- [Exercise instructions]: In your copy of the data, omit the pictures and keep all else exactly as given.

- [Data block]:
______________________________
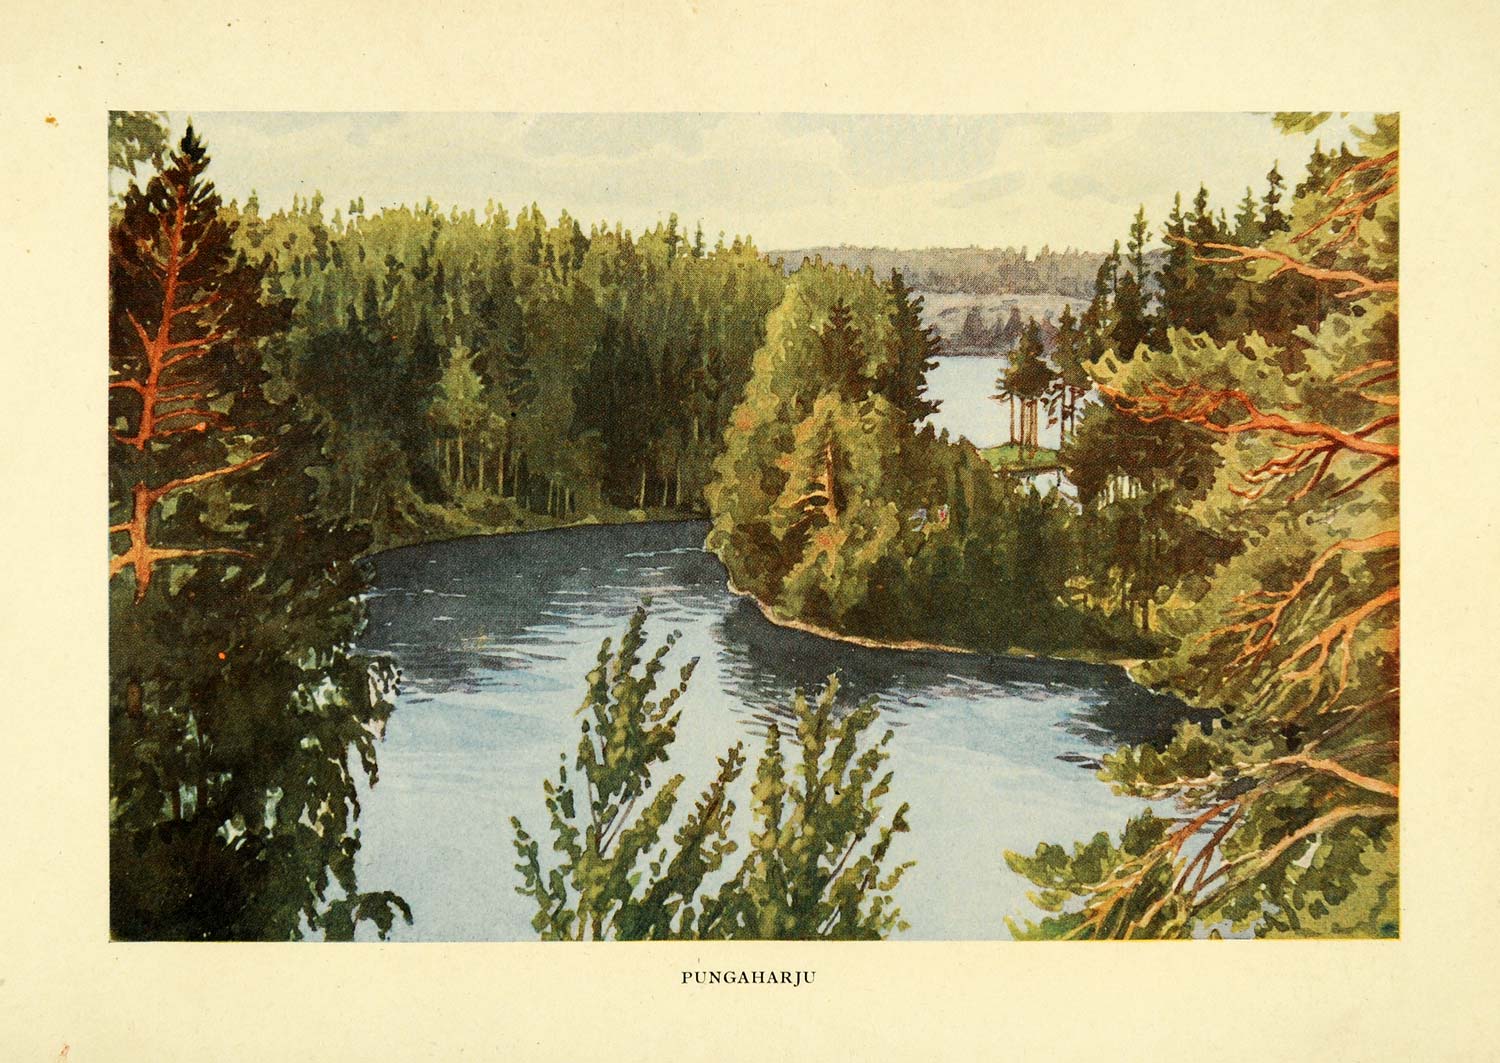 1908 Print Pungaharju Finland Landscape River Pine Trees Forest Art Suomi XGE8
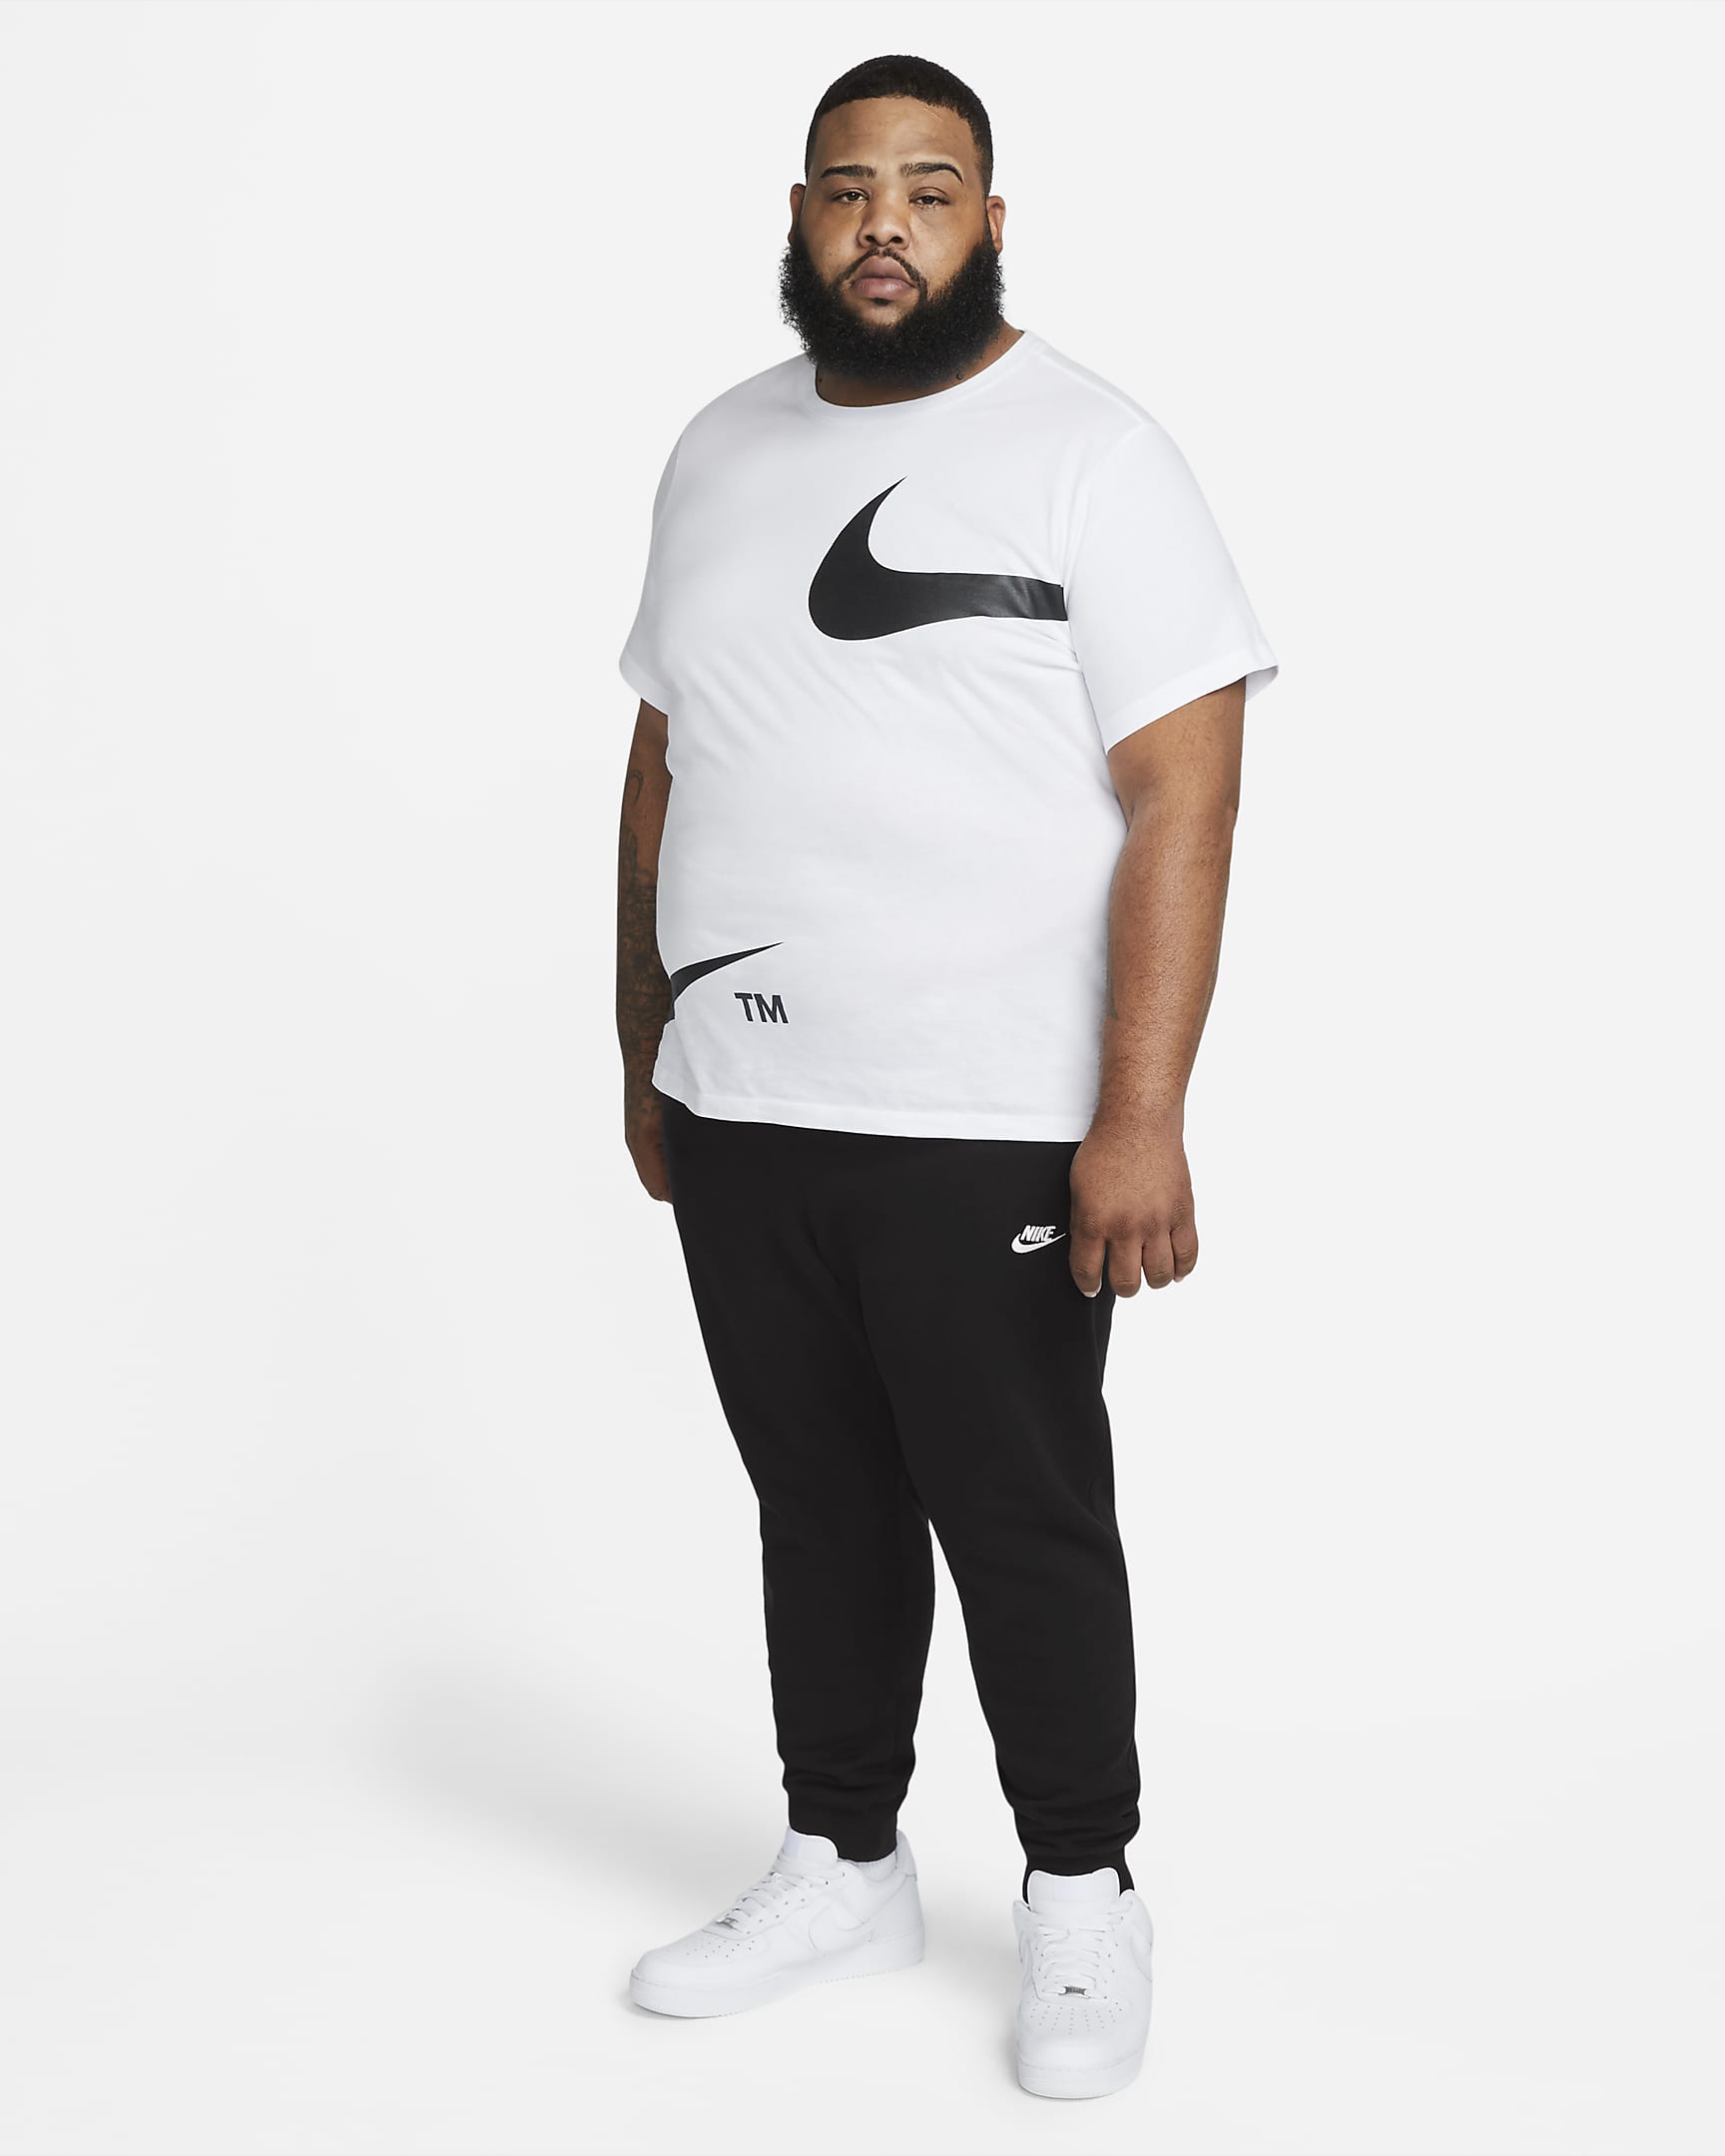 Nike Sportswear Club Fleece Joggers - Black/Black/White
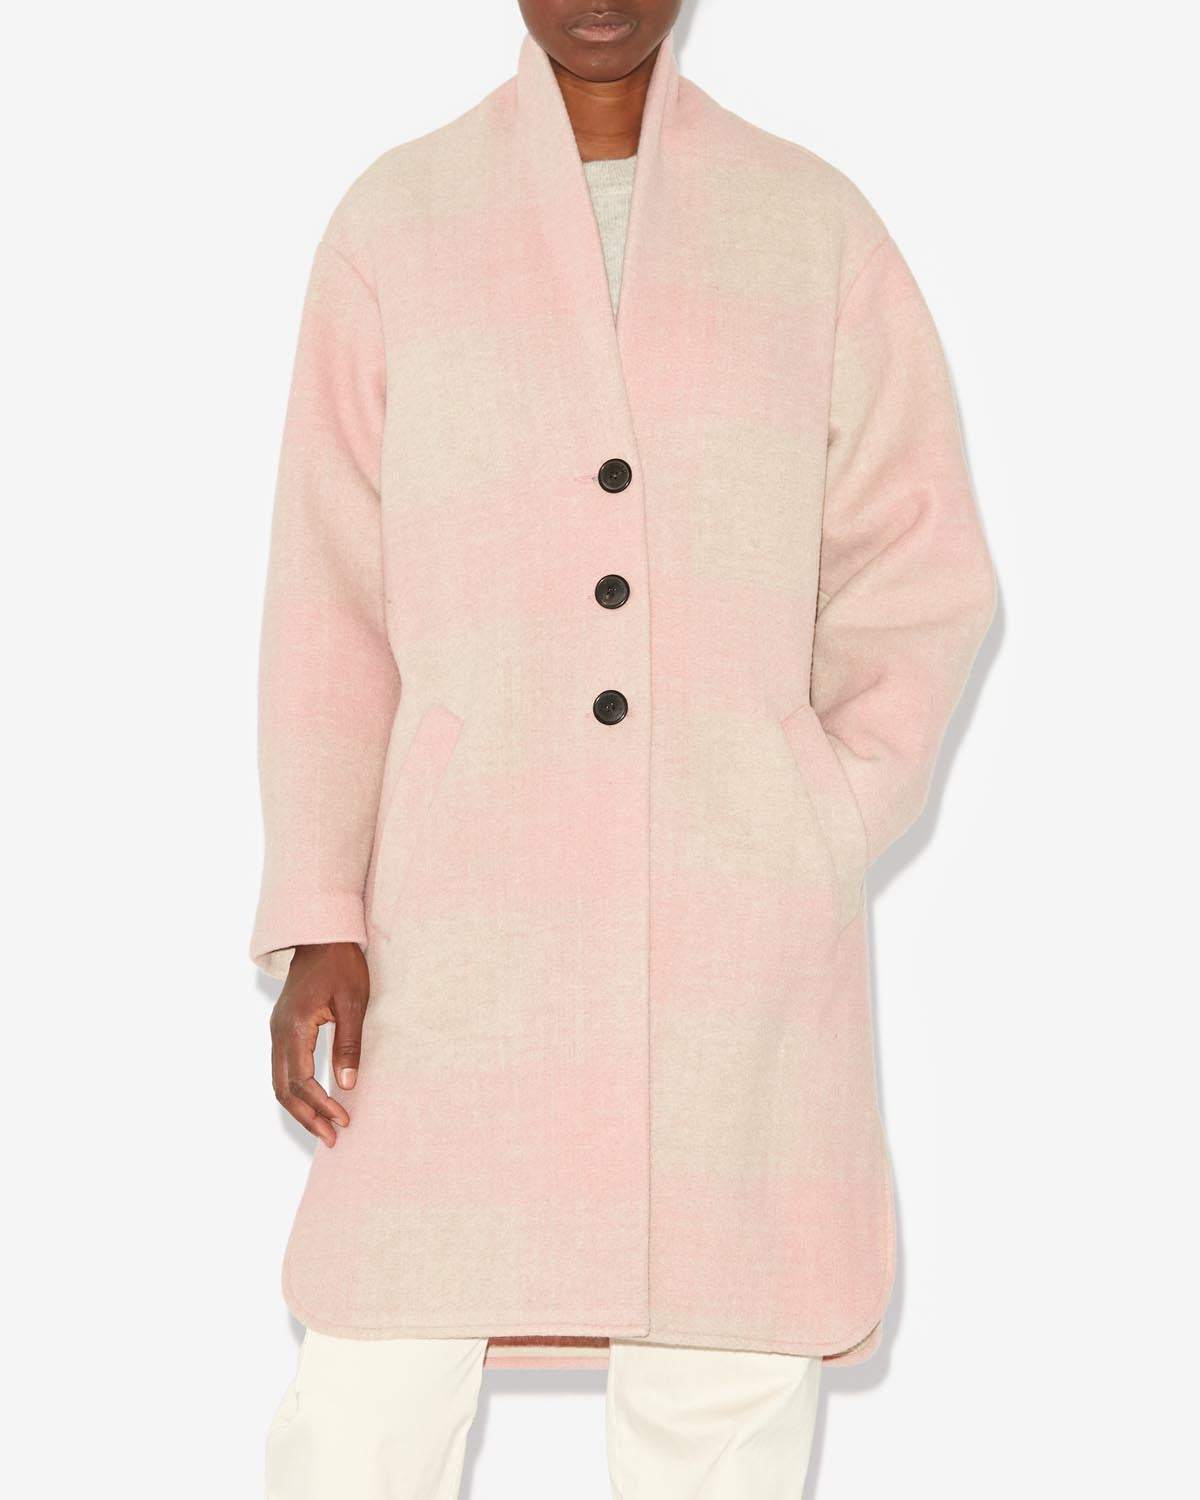 Gabriel cappotto Woman Light pink 4
______________________________
- [Task result]:
 1908 Print Pungaharju Finland Landscape River Pine Trees Forest Art Suomi XGE8
 Nike Sportswear Club Fleece Joggers - Black/Black/White
 Gabriel cappotto Woman Light pink 4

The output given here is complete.